Monday, December 18, 2006

A light-hearted usability article:

http://www.useit.com/alertbox/film-ui-bloopers.html

 

12/18/2006 3:26:44 PM (GMT Standard Time, UTC+00:00)  #    Disclaimer  |  Comments [0]  |  Trackback
 Wednesday, December 06, 2006
When an existing site made up of .html pages needs functionality added (such as the newslister control) then the pages may need changed to .aspx.  This is not a problem unless the site has good page ranking, is heavily SEO optimised or there is some other reason that changing the URl is a problem.  There are a number of solutions to this:

1. Do nothing and live with the broken links.

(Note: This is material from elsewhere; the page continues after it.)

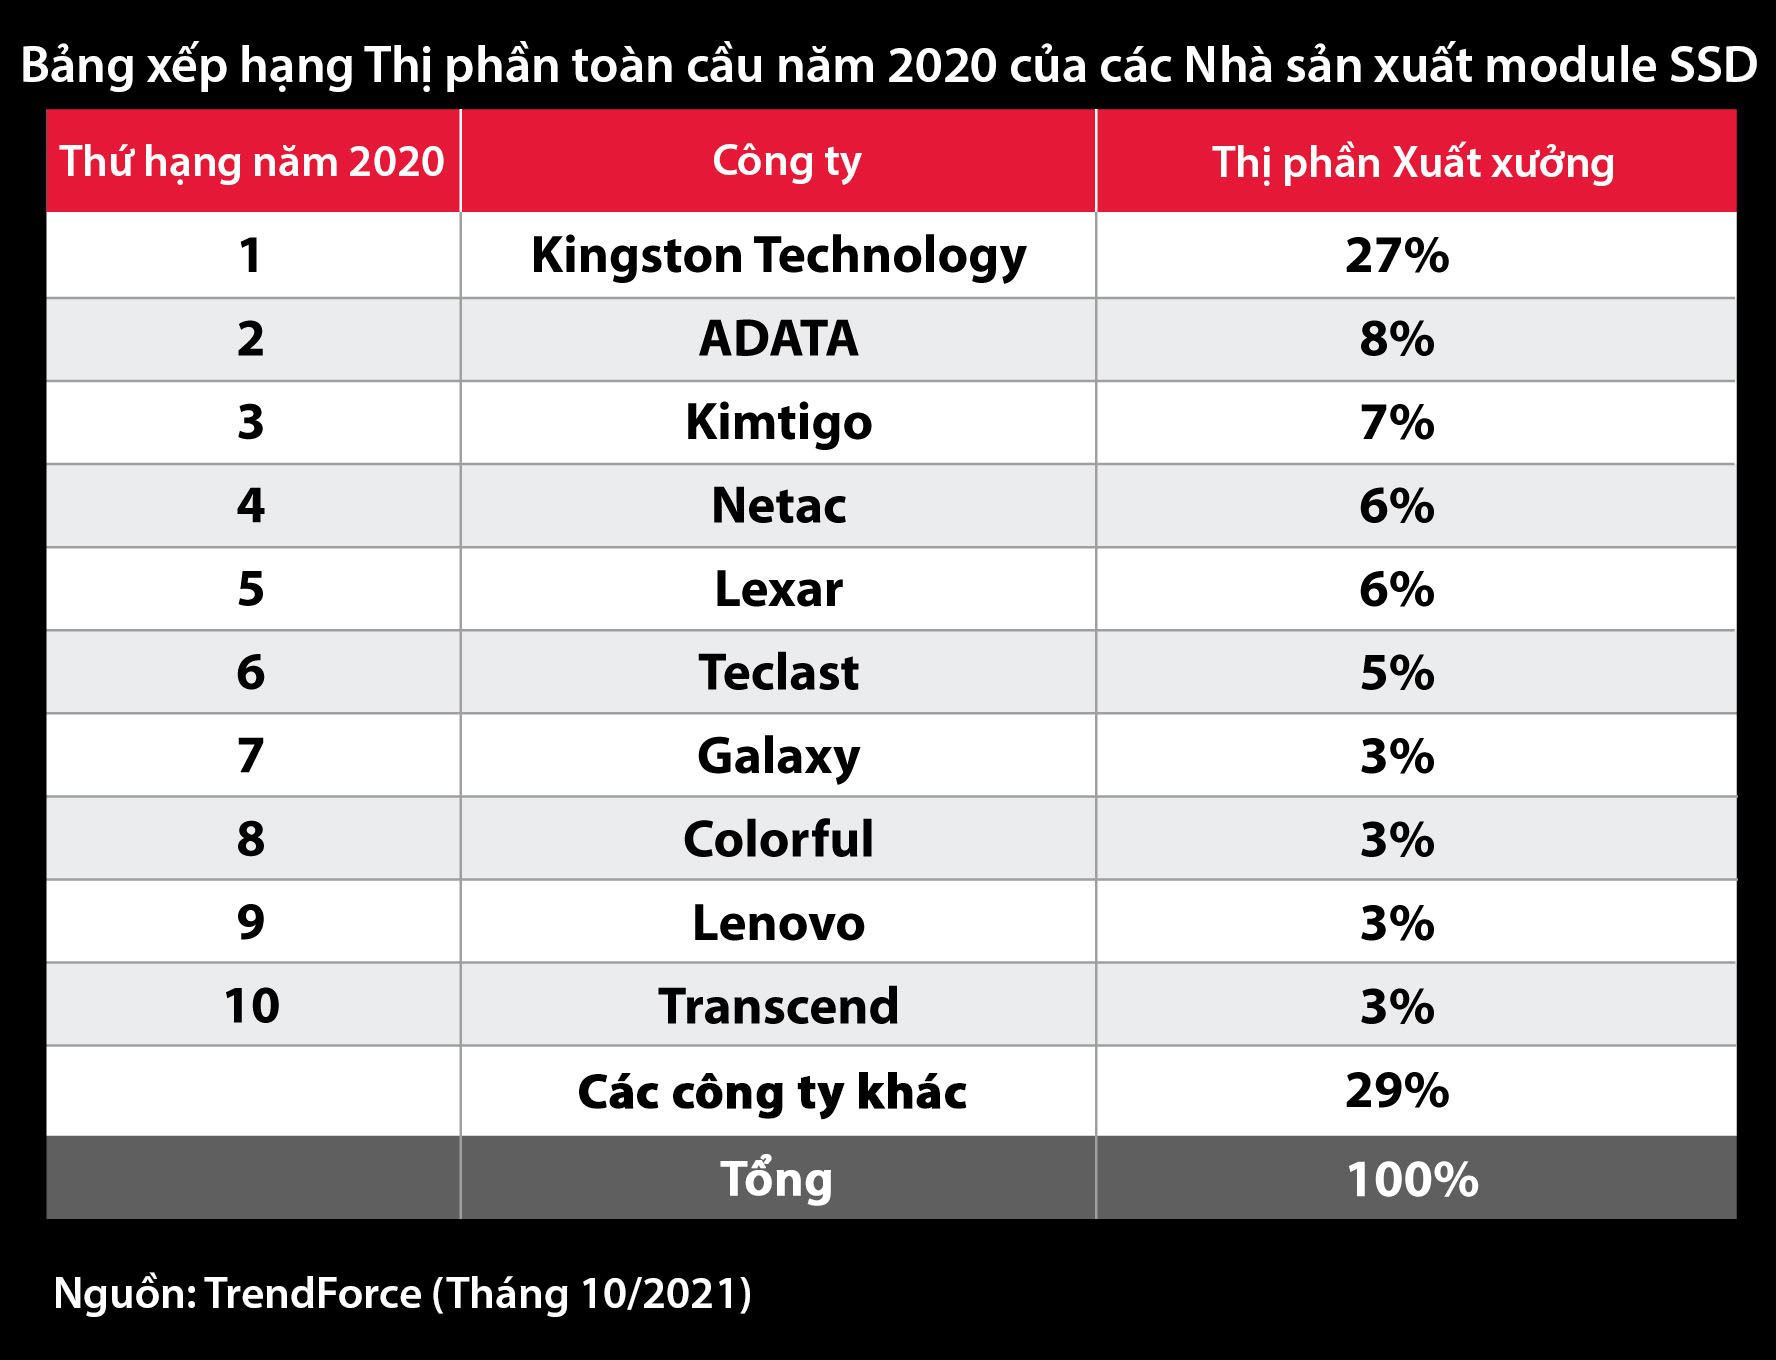 Kingston Technology dẫn đầu kênh phân phối SSD trong năm 2020

2. Set up a 301 redirect (permanently moved) either in IIS or using IIS to point 404s to an aspx page that does the work.  (Can obviously be done in asp or php or whatever as well).  This is probably the best solution in most cases, as it avoids any future problems/complications.

3. Map .html to ASP.Net in IIS and use URL rewriting to an aspx page.  this is probably too much of a faff in most situations.

4. Tell ASP.Net to treat .html files as .aspx.  This is actually pretty straight forward to do and may be a good solution in a lot of cases.  As far as I can see the performance not on .html pages without any server side code is minor; so the major downside is that it adds an extra layer of complication for the future.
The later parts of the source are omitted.